Buscaban los timbres más
parecidos para facilitar la resurrección de Los Zafiros, con la misma línea
melódica, de modo que, sobre esta base, se pudieran recuperar los temas que más
habían calado en el gusto del pueblo.
El Chino se proponía, ante todo,
rescatar la línea de continuidad de la agrupación original, incluso
incorporándole después, con el mismo estilo, nuevos temas de repertorio".
Echavarría
laboraba, por aquellos días, como radiólogo del hospital habanero conocido como
Maternidad de Línea ("América Arias"). Pero siempre tuvo gran afinidad
con la música. Conocía todos y cada uno
de los temas de Los Zafiros. Sus padres poseían sus discos y solían
escucharlos con mucha frecuencia. El joven, pues, se presentó en la audición de
voces, cantó, lo hizo bien y fue seleccionado. De lo que pasó después, continúa
contando Jorge:
Comenzamos
a ensayar en el mismo 1987. Durante cerca de cinco meses nos dedicamos a montar
repertorio. Nuestro debut tuvo lugar a principios de 1988; en Alegrías de
Sobremesa de la emisora Radio Progreso. Coincidimos ese día con la Orquesta
Aragón. Nos presentó un formidable locutor y animador: Agustín Roquefuentes.

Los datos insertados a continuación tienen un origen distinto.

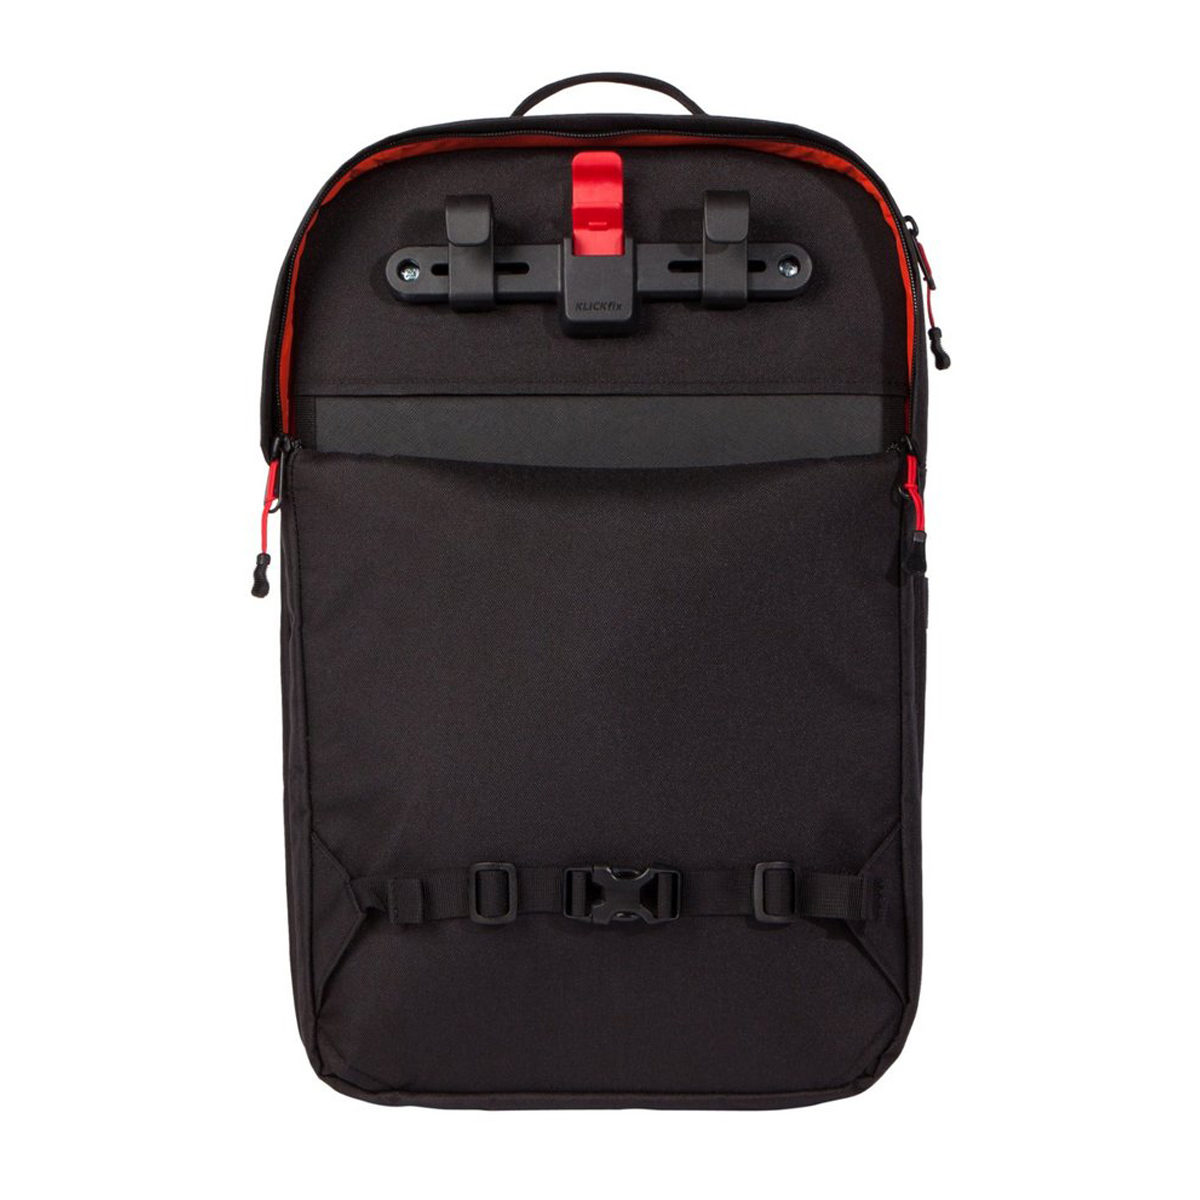 Pannier Backpack Convertible – Plus 7

La verdad es que no sabíamos
cómo el público iba a aceptar que nosotros cantáramos aquellos temas
inolvidables. Ese día interpretamos: “Un nombre de mujer” (conocido por
“Ofelia”), “Bellecita” y “Me voy: mi corazón se queda” que lo cantaba El Chino.
El
Chino, fundador de la continuidad de aquellos otros legendarios, cantaba
los temas que ya habían “pegado” en su voz y, a su vez, los cinco jóvenes
incorporaban números nuevos. Jorge y sus cuatro compañeros, entretanto,
se mantenían escépticos ("No sabíamos qué iba a pasar"), pero pasaron
la prueba... y con éxito.
Aproximadamente
tres años después, El Chino se jubila por motivos de salud. Sólo, de vez
en cuando, acompaña a los jóvenes en determinadas presentaciones e interpreta
algunos de sus números. Luego no puede acompañarlos más.
Ya
antes de la desaparición física de El Chino habíamos andado algún
camino: participamos en varios Festivales del Bolero; viajamos a Suecia, en
1994, porque grabamos un disco y lo presentamos en Estocolmo. Allí nos
mantuvimos durante 3 meses en una de las salsotecas más importantes de esa gran ciudad,
llamada La Isla.
Después
de eso tuvimos nuestra primera Casa de
Los Zafiros, en el club La Red.
Fue una experiencia magnífica. Algunos dicen que, desde los tiempos de La
Lupe, nunca había pasado allí lo que pasó con nosotros.
Entonces,
el 8 de agosto de 1995 muere El Chino. En 1997 hicimos nuestro primer
viaje a España, y en el 98 volvimos para un recorrido más largo; en esa ocasión
realizamos cerca de 94 presentaciones en vivo. En el 99 viajamos a México, a
Mérida, en Yucatán. Y cuando regresamos a Cuba trasladamos La Casa de los Zafiros para el TVCAFE,
en el patio del edificio FOCSA, donde llevamos aproximadamente 2 años.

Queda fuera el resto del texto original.